Ich weiß allerdings nicht, wo die sitzen! Die Jungs bauen superleichte Carbonrahmen!!!


----------



## mauntenbeiker (30. Mai 2006)

Riding Cat schrieb:
			
		

> Vielleicht ist auch die Firma Spin interessant.
> Ich weiß allerdings nicht, wo die sitzen! Die Jungs bauen superleichte Carbonrahmen!!!

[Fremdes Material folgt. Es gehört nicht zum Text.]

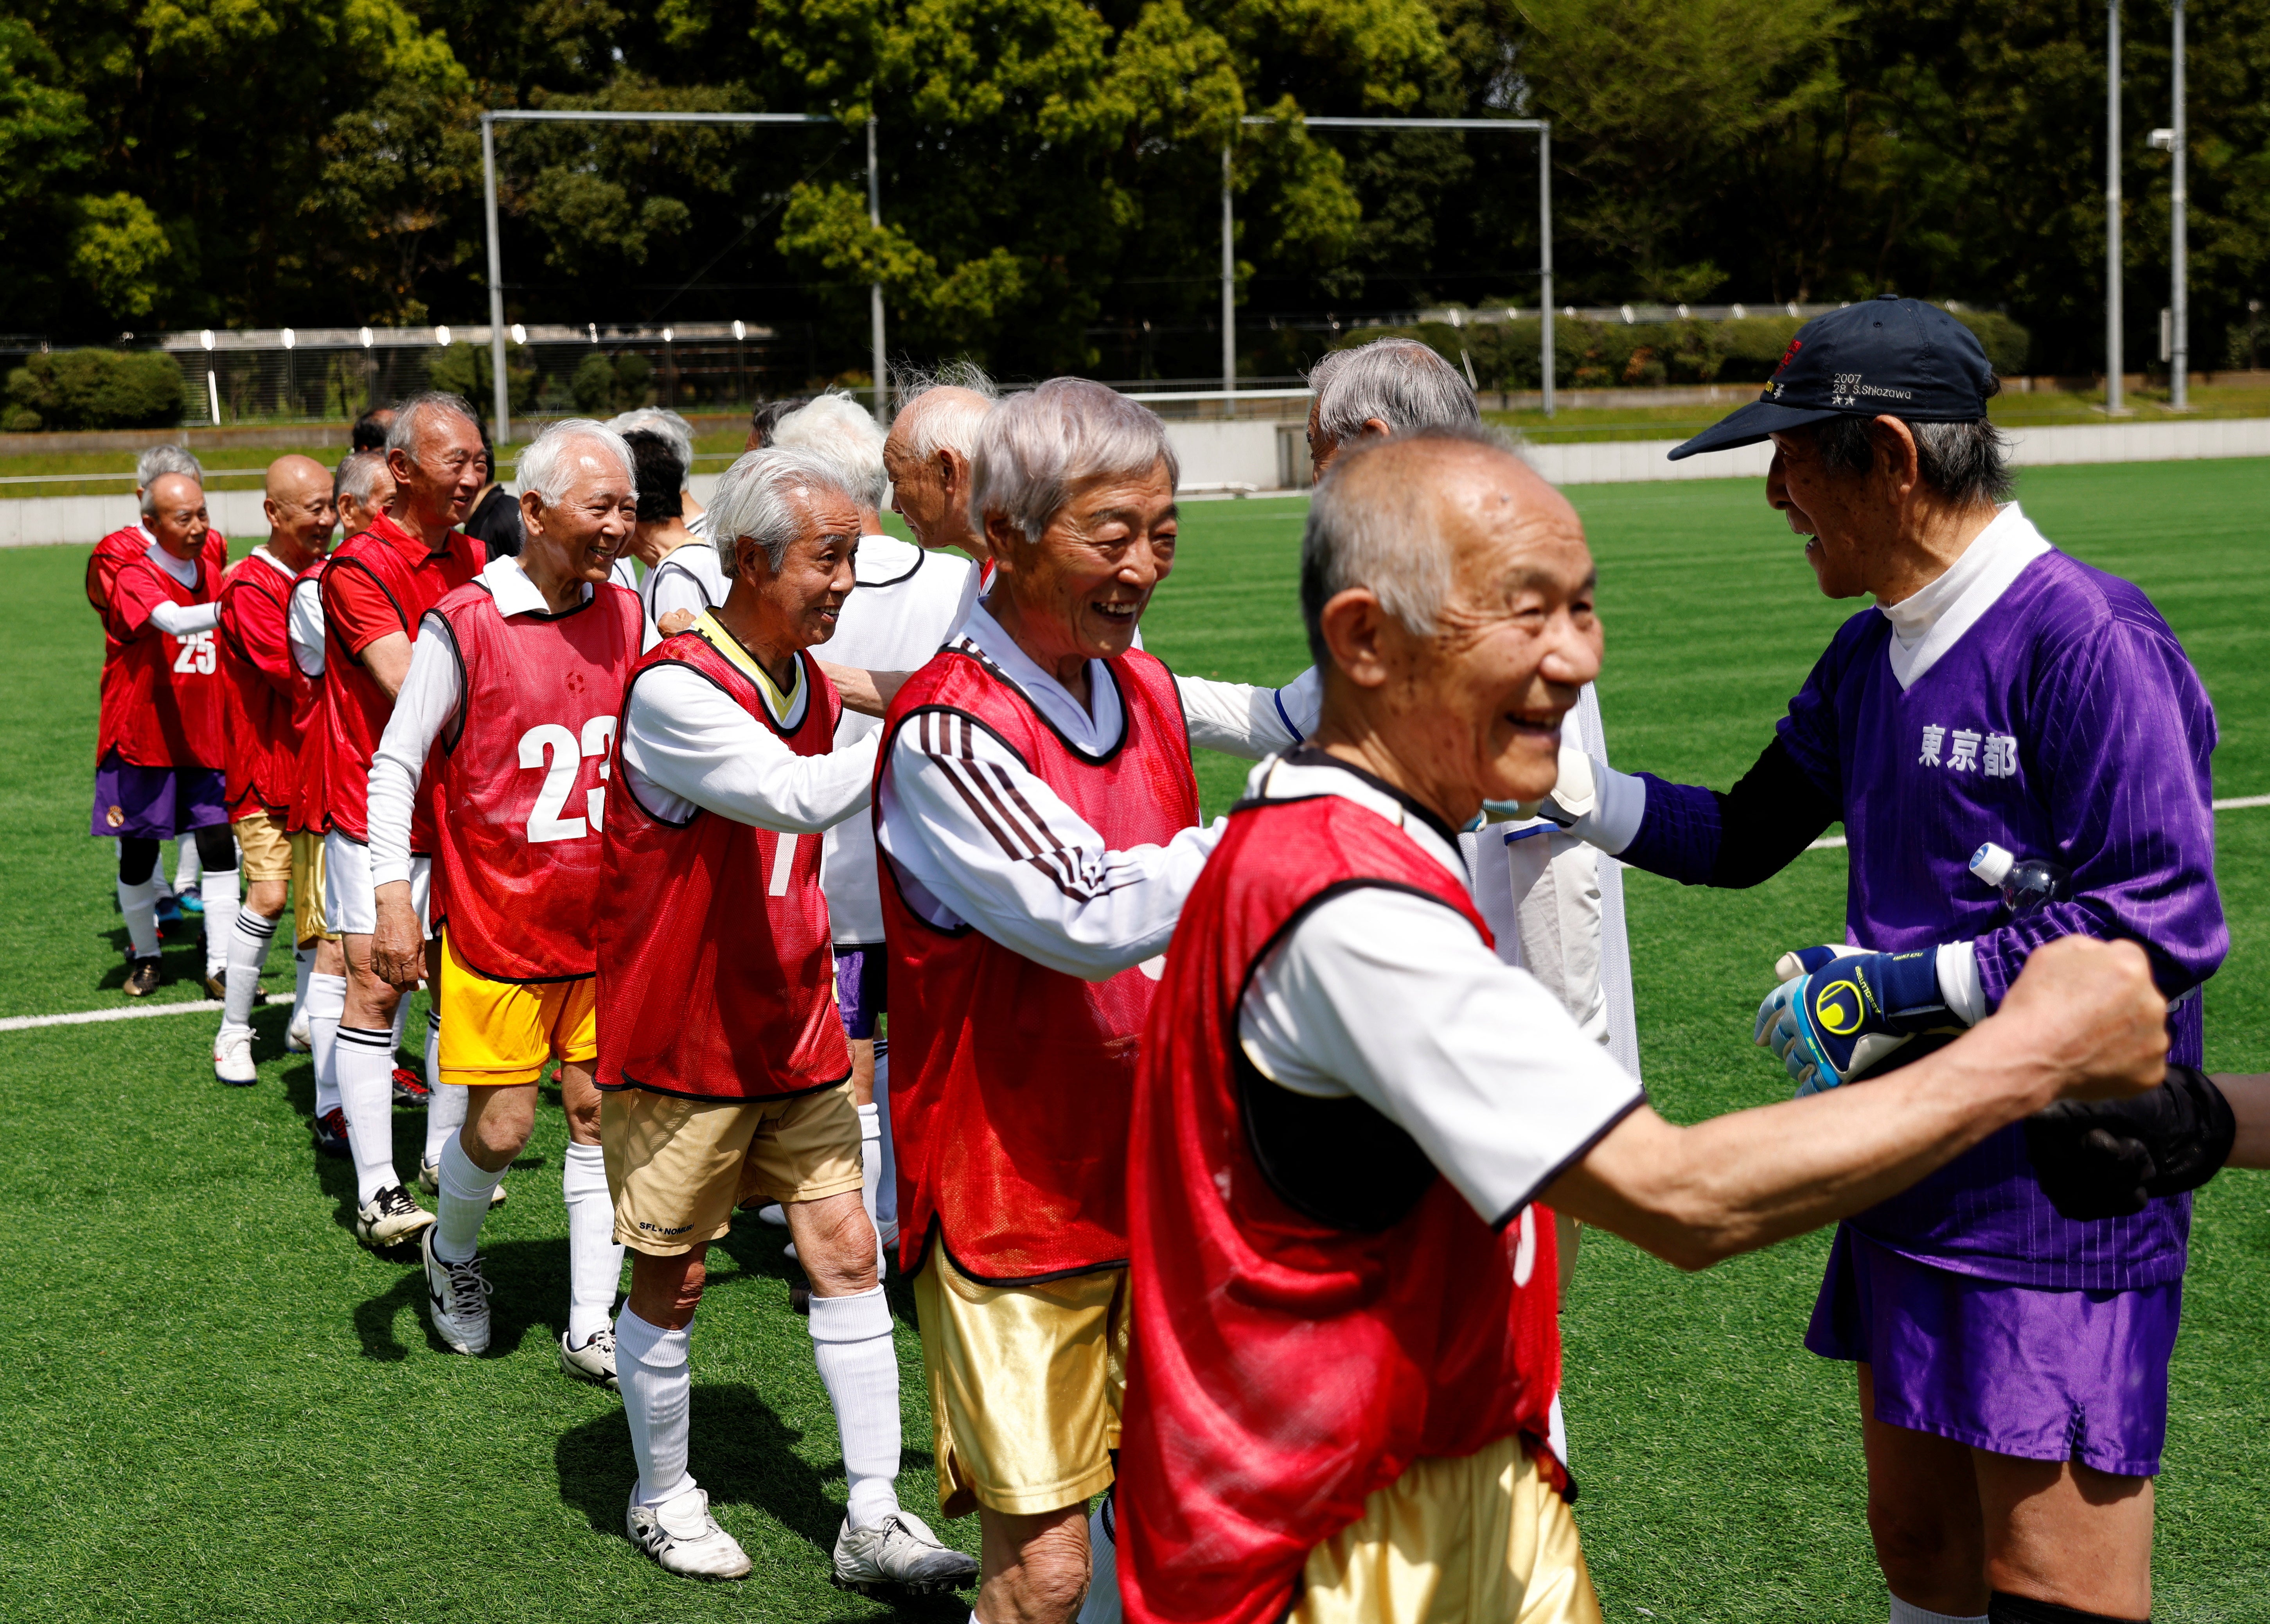 Red Star’s midfielder Mutsuhiko Nomura, 83, and White Bear’s goalkeeper Shingo Shiozawa, 93, greet their opponents at the SFL (Soccer For Life) 80 League opening match in Tokyo, Japan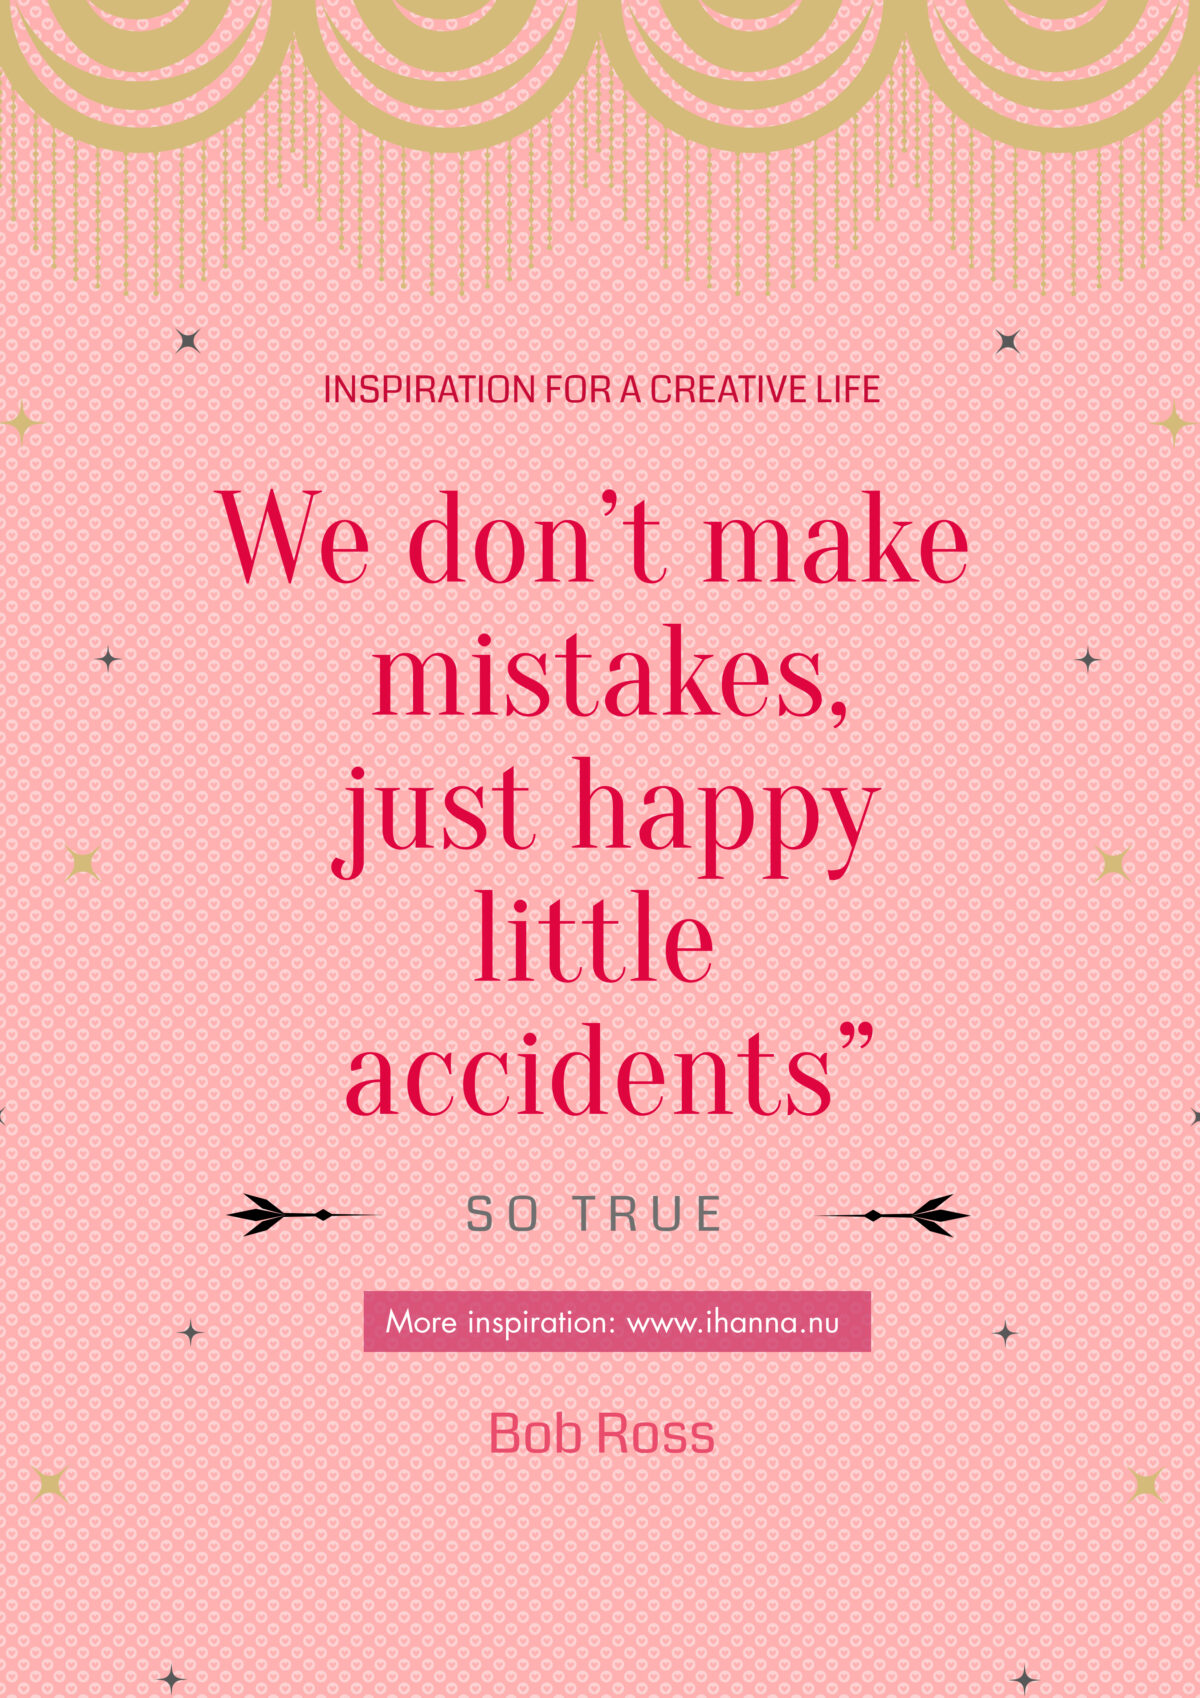 Bob Ross quote at iHanna: We dont make mistakes, just happy little accidents - PIN THIS

...der firmensitz ist in edermünde - also direkt bei kassel


----------



## Riding Cat (31. Mai 2006)

mauntenbeiker schrieb:
			
		

> ...der firmensitz ist in edermünde - also direkt bei kassel



Ich habe es mir fast gedacht, aber sicher war ich mir nicht!
Holzhausen, oder?


----------



## der_raubfisch (31. Mai 2006)

Bei Mark Siebert (Fa. Spin) habe ich schon nachgefragt, bietet vorerst kein Praktikum an!
Kennt ihr andere gute Leichtbaufirmen? Muss ja nicht unbedingt was mit Fahrrad zu tun haben (Titanverarbeitung etc.)?

MfG der_raubfisch


----------



## MTB-News.de




----------



## Testmaen (31. Mai 2006)

Hi,

studierst du hier in Kassel ? Soweit ich weiß gibts einen Lehrstuhl zum Thema Leichtbau, vielleicht kann man da bei irgendwelchen Projekten mitarbeiten, die die Industrie vergibt. In der Eingangshalle stehen da einige Exponate. Vor einigen Jahren hat auch ein Prof. von der Uni einen Carbon-Rahmen "gebacken", der für seine Zeit ziemlich leicht war. Falls aber da nichts zu holen wäre, haben die bestimmt Adressen, wo man es mal versuchen könnte.

MfG


----------



## der_raubfisch (31. Mai 2006)

Ja ich studiere in Kassel! Danke für den Tipp, frage nächste Woche gleich mal nach! Besuche grad eine Vorlesungbeim Leichtbau-Institut!

MfG der_raubfisch


----------



## Testmaen (7. Juni 2006)

Hi,

und, konntest du schon was in Erfahrung bringen ? Gibts bei euch eigentlich eine Vorlesung in die Richtung, wo man sich mal als fachfremder Studi reinsetzen kann ohne gleich als solcher erkannt zu werden ?

MfG


----------



## der_raubfisch (9. Juni 2006)

Bis jetzt nicht! Klar kannst du Vorlesungen besuchen, ohne "erkannt" zu werden!

MfG der_raubfisch


----------



## der_raubfisch (9. Juni 2006)

Bis jetzt nicht! Klar kannst du Vorlesungen besuchen, ohne "erkannt" zu werden!

MfG der_raubfisch


----------